Возможно, я отрицательно покачал головой, или она это почувствовала и согласилась со мной.
Она опустила вуаль и ушла.
А следующей ночью, стоя у окна мчащегося на всех парах поезда, я смотрел, ибо все же хотел это видеть, как я навсегда покидаю земное пространство, которое другие, более счастливые или, может быть, менее счастливые по сравнению со мной люди называют родиной.
Но зимняя ночь была темна и туманна, и я, разумеется, ничего не видел.
КОНЕЦ ПУТИ
Я человек рационального, возможно, даже чрезмерно рационального склада. Да и особой склонности к подобострастию никогда за собою не замечал. Но все же мне хочется повторить на этом белом листе бумаги, своим почерком последнюю фразу моего друга. Пускай он поможет мне завершить ту работу, о которой меня никто не просил и которая будет, наверное, самым необычным свершением в моей жизни.
Но зимняя ночь была темна и туманна, и я, разумеется, ничего не видел.
Не думаю, что он собирался сделать эту фразу последней. Все признаки говорят о том, что на следующий день, как обычно, он продолжил бы свою жизнь следующей фразой, которую невозможно было предсказать заранее, как невозможно реконструировать ее на основе оставленных им записок. Ведь всякий роман о жизни, однажды начатый, всегда говорит нам: не бойтесь во мне заблудиться, я надеюсь, в конце концов мне удастся вывести вас из моих дебрей.
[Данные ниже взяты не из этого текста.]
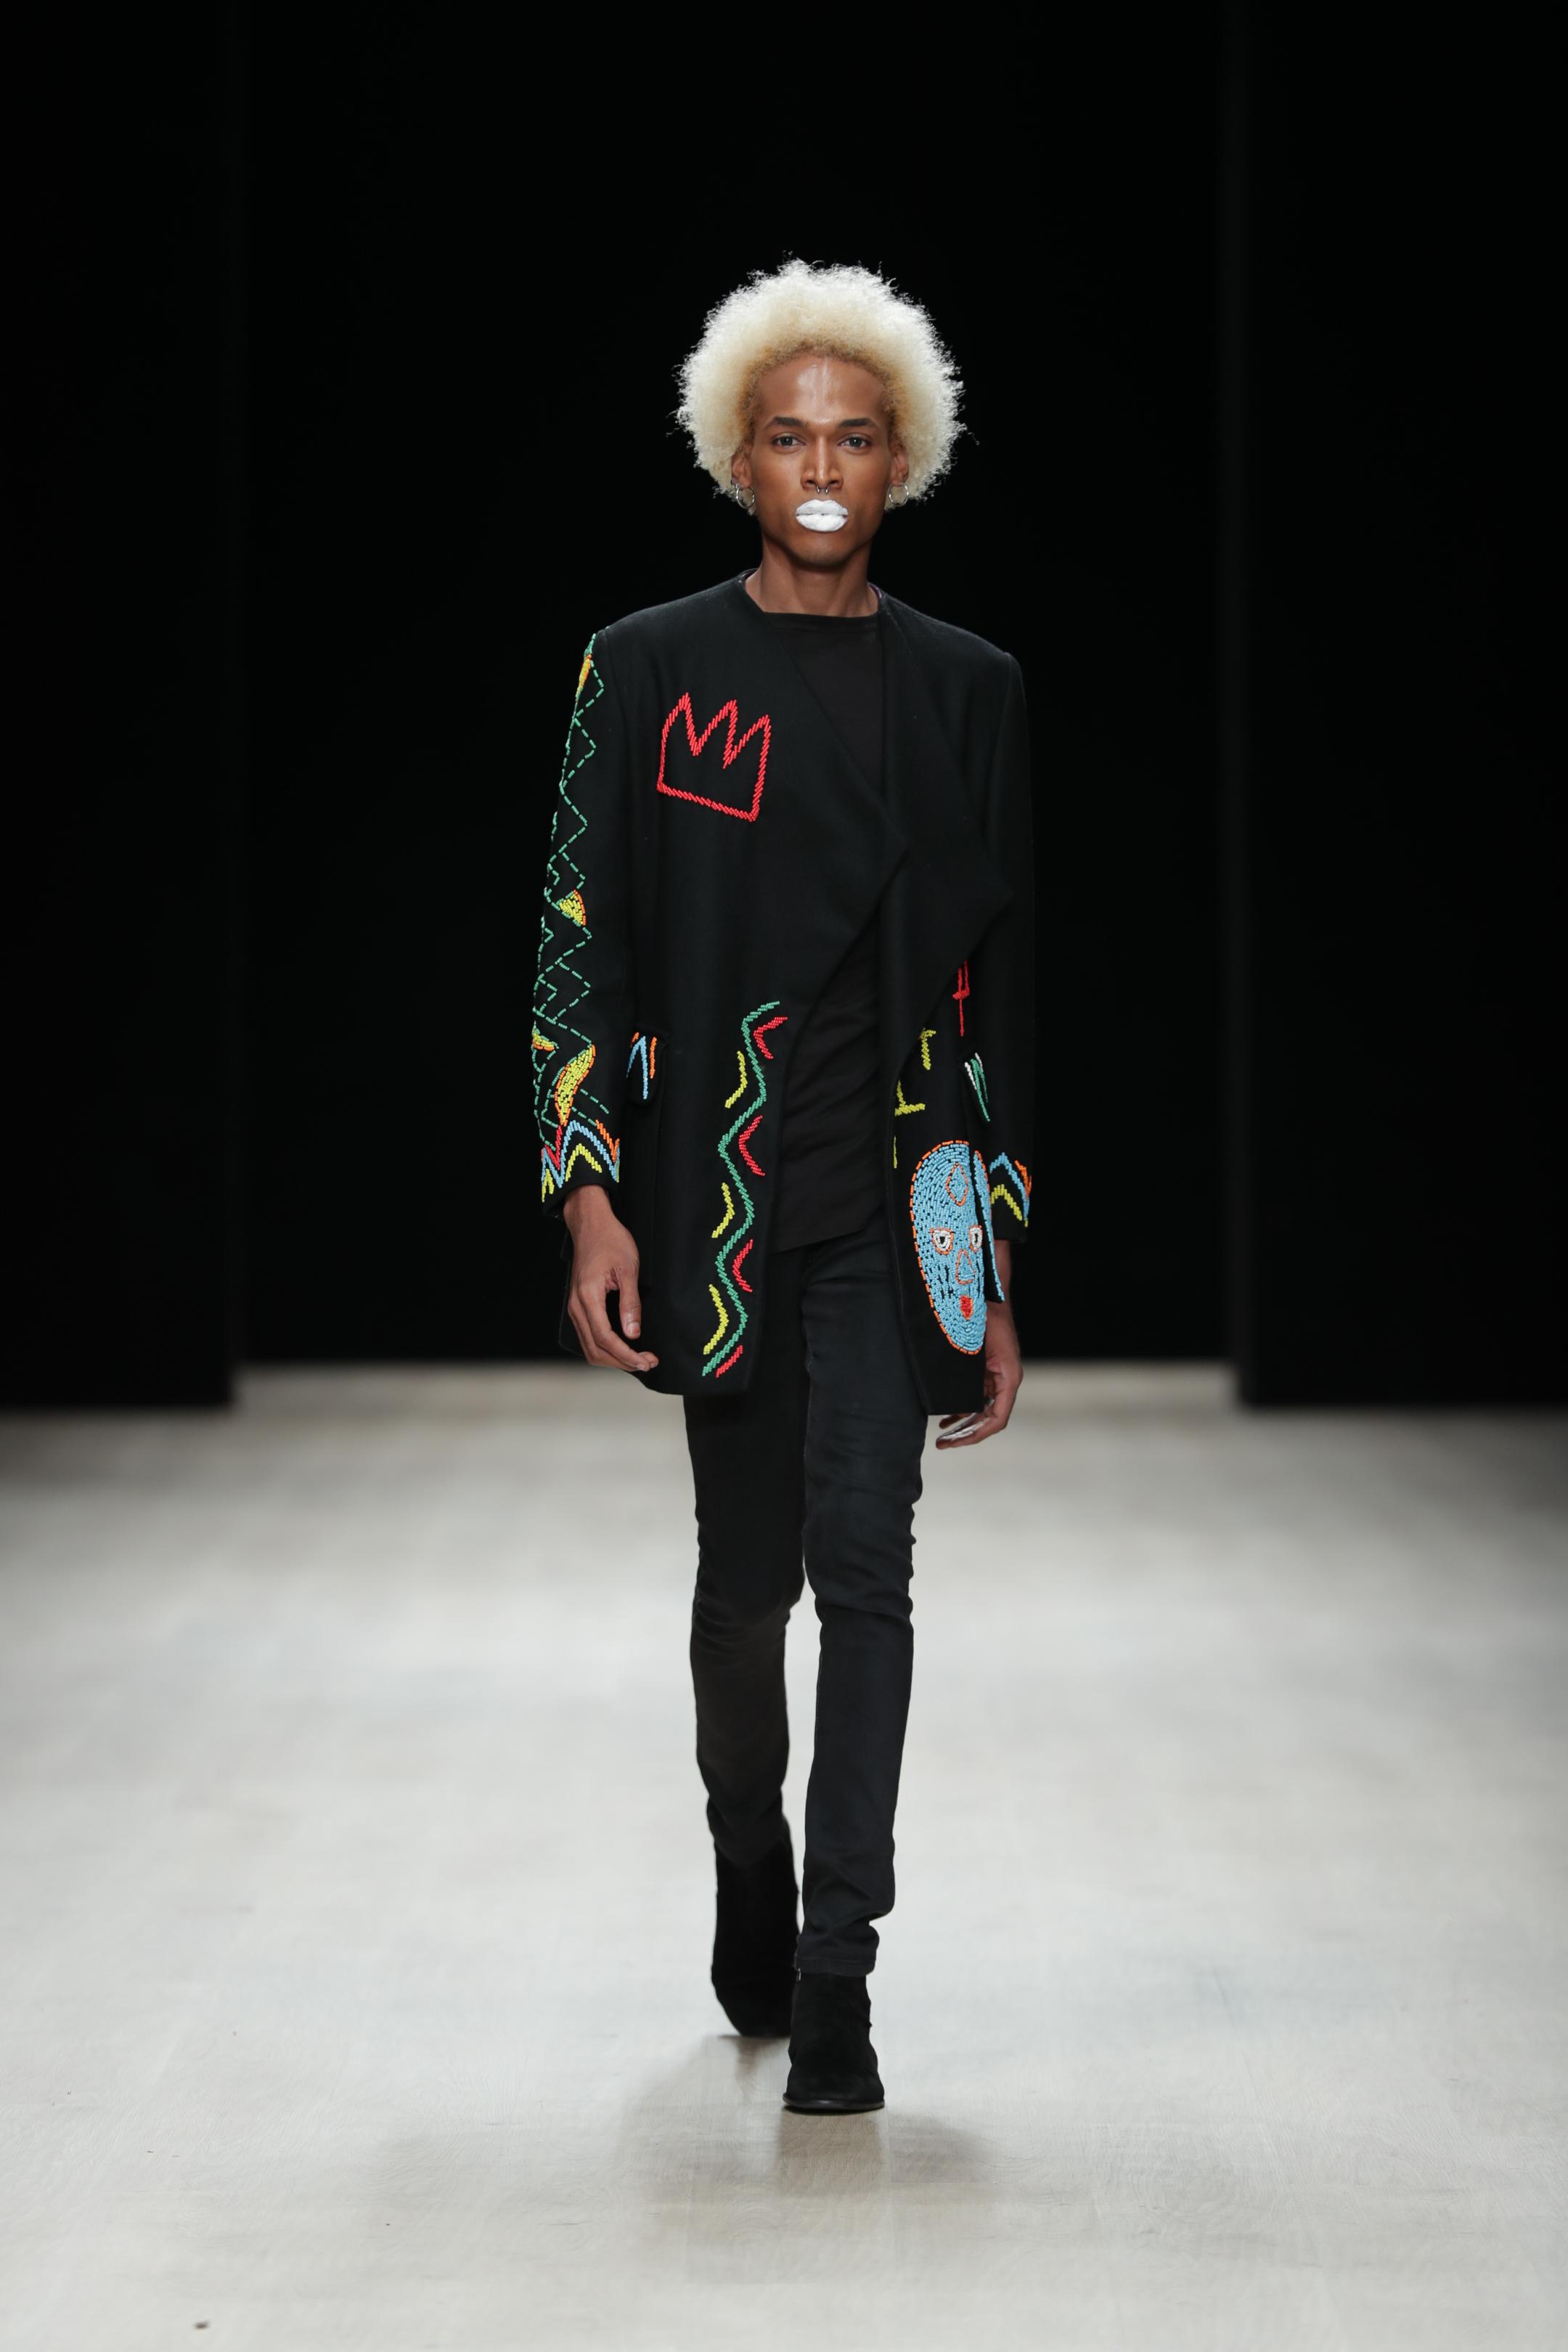 ARISE Fashion Week 2019 – Runway Day 3: Okunoren

Мое дело – всего лишь быть репортером.
Срывающимся голосом я сообщаю вам, что все произошло около трех часов пополудни. Именно в это время он имел обыкновение прекращать работу. День был солнечный, по-летнему теплый, безоблачный, какие часто бывают в конце сентября. Он поднялся из-за стола. За окном мирно дремал поредевший в пору августовской жары старый сад. Сквозь просветы в неплотной зелени кустов и деревьев перед глазами его временами поблескивала темная вода. Высокие, узкие, словно бойницы, сводчатые окна дома обрамляли карабкающиеся по стене, уже пожелтевшие-покрасневшие и усеянные зреющими темными ягодами лозы дикого винограда. Среди лиан нашли себе обиталище ящерки и всякого рода жуки, которые грелись на потрескавшейся штукатурке или спасались от жары в тени листьев. Нечто подобное он описывает в первой главе своих воспоминаний, и, видимо, нечто подобное он видел и ощущал вокруг и в тот день. Потом он перекусил, обменялся в кухне несколькими ничего не значащими словами с моими тетушками и, прихватив под мышку утреннюю газету и свежую почту, с толстым полотенцем на плече отправился на берег Дуная.
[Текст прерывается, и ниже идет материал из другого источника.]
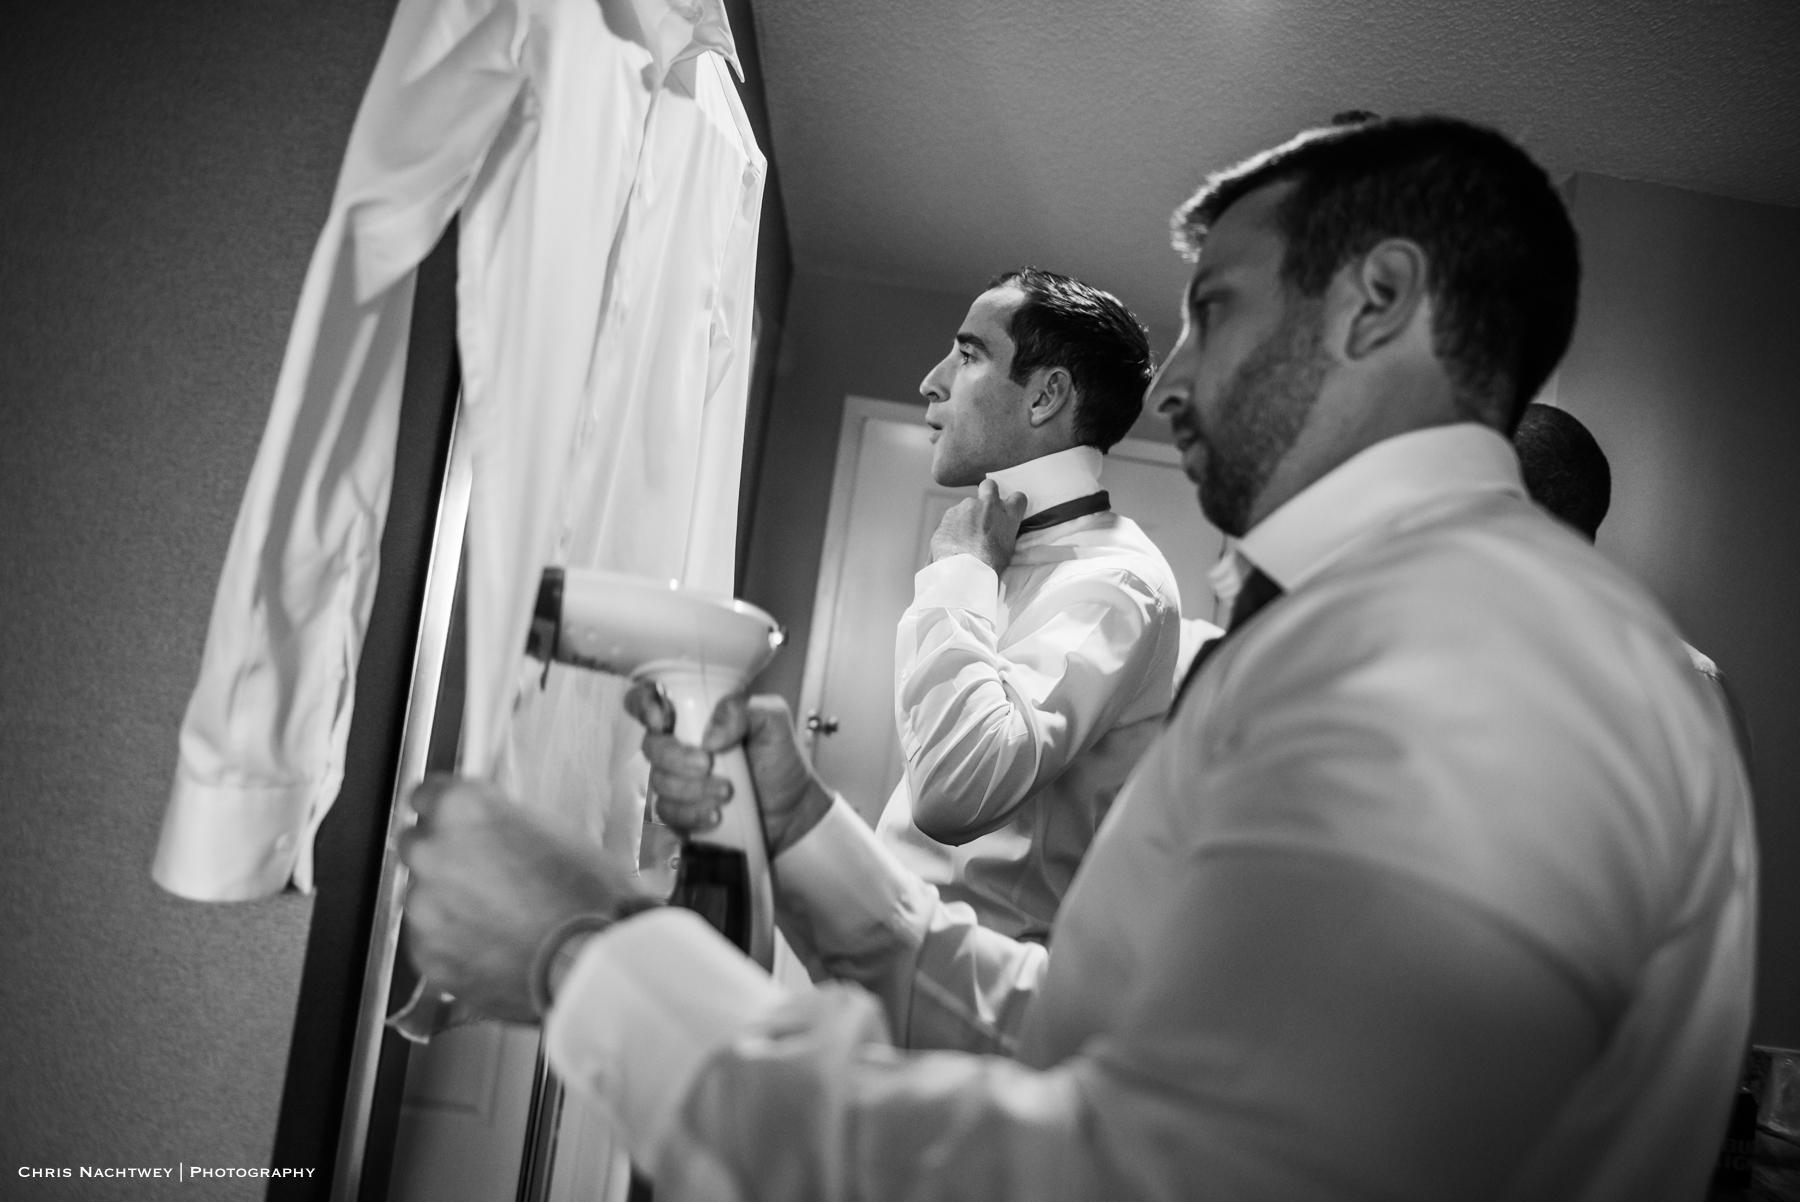 photos-wedding-quidnessett-country-club-ri-chris-nachtwey-photography-2018-4.jpg

Две раздробленные ноги, проломленная грудная клетка и развороченный череп – таким его принесли назад.
Вот почему этой фразой, которой я бы не придавал символического значения, заканчивается, точнее сказать, на ней обрывается его восьмисотстраничная рукопись. Она досталась в наследство мне, хотя с юридической точки зрения я не являюсь его наследником.
И здесь я со всей решительностью спешу заявить, что если этому рассказу о смерти моего несчастного друга я и предпосылаю несколько слов о себе и своих житейских обстоятельствах, то отнюдь не с целью возвеличить свою особу.
Я делаю это, скорее всего, потому, что если бы я стал говорить о нем непосредственно, то слишком часто запинался бы и закашливался от волнения.
Зовут меня Кристиан Шоми Тот; и если не по фамилии, то по имени уж во всяком случае я знаком тем, кто, изучая это жизнеописание, оставшееся, несмотря на объемность, незавершенным, добрался до его последней фразы. Ведь мой бедный друг, порой искажая реальность то в силу романтической идеализации, то пылая любовной ненавистью, все же запечатлел для потомства мальчишку по имени Кристиан, которым когда-то был я и с которым сегодня чувствую так мало общего.
Я мог бы даже сказать, что он сделал это вместо меня. Чем я немножко горжусь. Точнее, это не совсем гордость. Скорее по-детски наивное и смущенное изумление, как бывает, когда вам под нос суют сделанную скрытой камерой и поэтому разоблачительно достоверную фотографию. А с другой стороны, читая все это, я иногда краснею.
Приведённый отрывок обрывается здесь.